NEW YORK (CNNMoney.com) -- The Federal Reserve said the nation's economy is still recovering, but not fast enough for it to drop its controversial efforts to spur greater growth.
At the final meeting of 2010 ended Tuesday, the central bank left its key interest rate near zero, where it has been for the last two years. In its statement, the Fed said it is moving ahead with plans to pump $600 billion into the economy through the purchase of long-term Treasuries.
The Fed said it anticipates a gradual return to a more normal economy, but that "progress toward its objectives has been disappointingly slow."
At its Nov. 3 meeting, the Fed announced plans to start a second round of Treasury purchases, a policy commonly known as quantitative easing or QE2, sparking criticism from overseas finance officials, leading Republican politicians and even some officials with the central bank itself.
Critics worry the purchases, designed to drive down interest rates in an effort to spur spending, could lead to a weaker dollar, asset bubbles and a return of high inflation.

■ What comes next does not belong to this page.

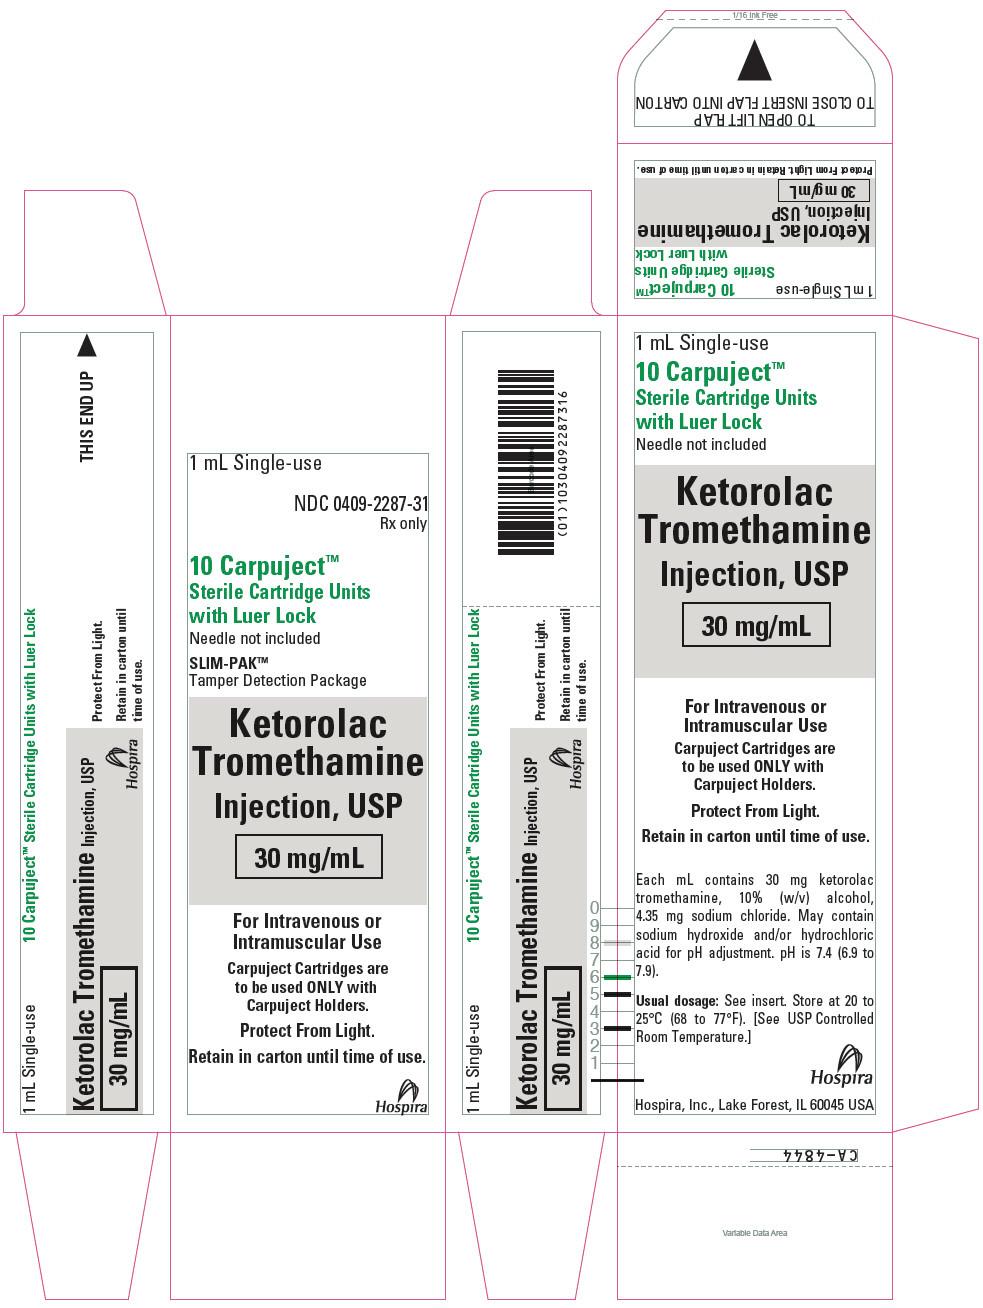 PRINCIPAL DISPLAY PANEL - 30 mg/mL Cartridge Carton

But Tuesday's statement said that while prices appear to be stable, "measures of underlying inflation have continued to trend downward."
Keith Hembre, chief economist of First American Funds, said he was somewhat surprised that the Fed didn't acknowledge signs in recent economic readings that the U.S. economy is starting to pick up speed.

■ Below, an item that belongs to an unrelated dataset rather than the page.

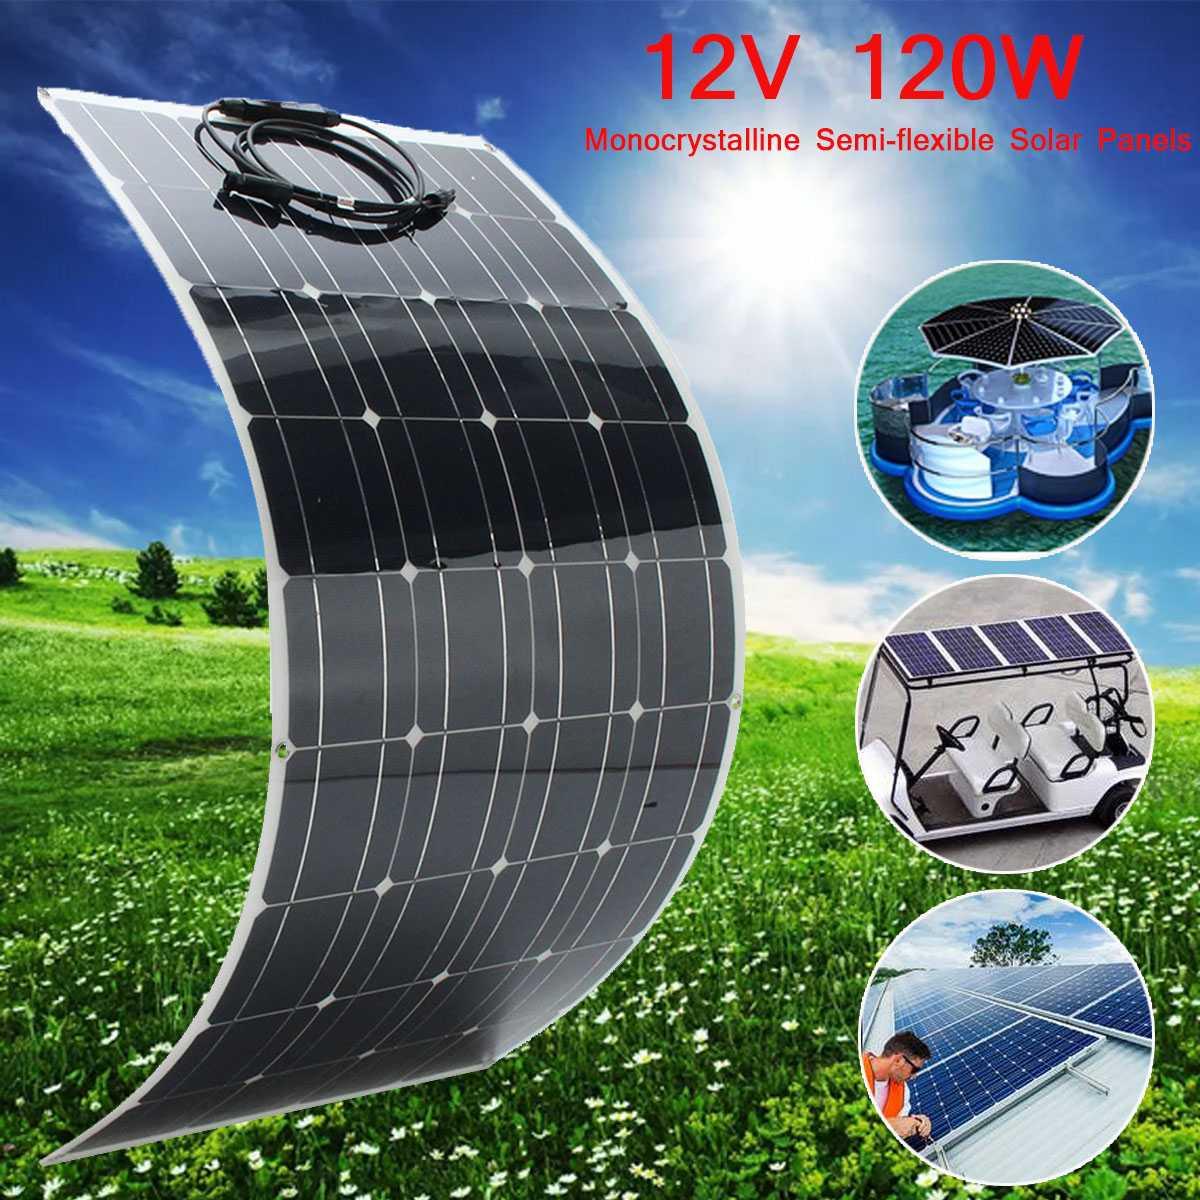 2X SP-39 120W 12V Semi Flexible Monocrystalline Solar Panel Waterproof High Conversion Efficiency Solar Panel + 1.5m Cable

"You look at economists, they've been tripping over each other to raise forecasts in the past few weeks," he said. "When you have an improvement in fundamentals and you don't acknowledge it, you tend to weaken the credibility you have."
But Hembre said that the two measures the Fed focuses on beyond all others -- jobs and inflation, still show weakness, with a disappointing November jobs reading and a key inflation reading at a record low.
But the criticism that the Fed has received is the likely reason it was reluctant to acknowledge signs of improvement in the economy, said Paul Ballew, chief economist with Nationwide Insurance.
"Clearly, they want to justify the rationale for QE2," said Ballew. "Sometimes you've got create air cover for your actions."
The Fed was forced to turn to QE2 to try to spur growth because it couldn't cut its key short-term interest rate, the fed funds rate, any lower. That rate is used as a benchmark for a wide variety of consumer and business loans. The Fed reiterated Tuesday that it expects that rate to remain "exceptionally low" for an "extended period."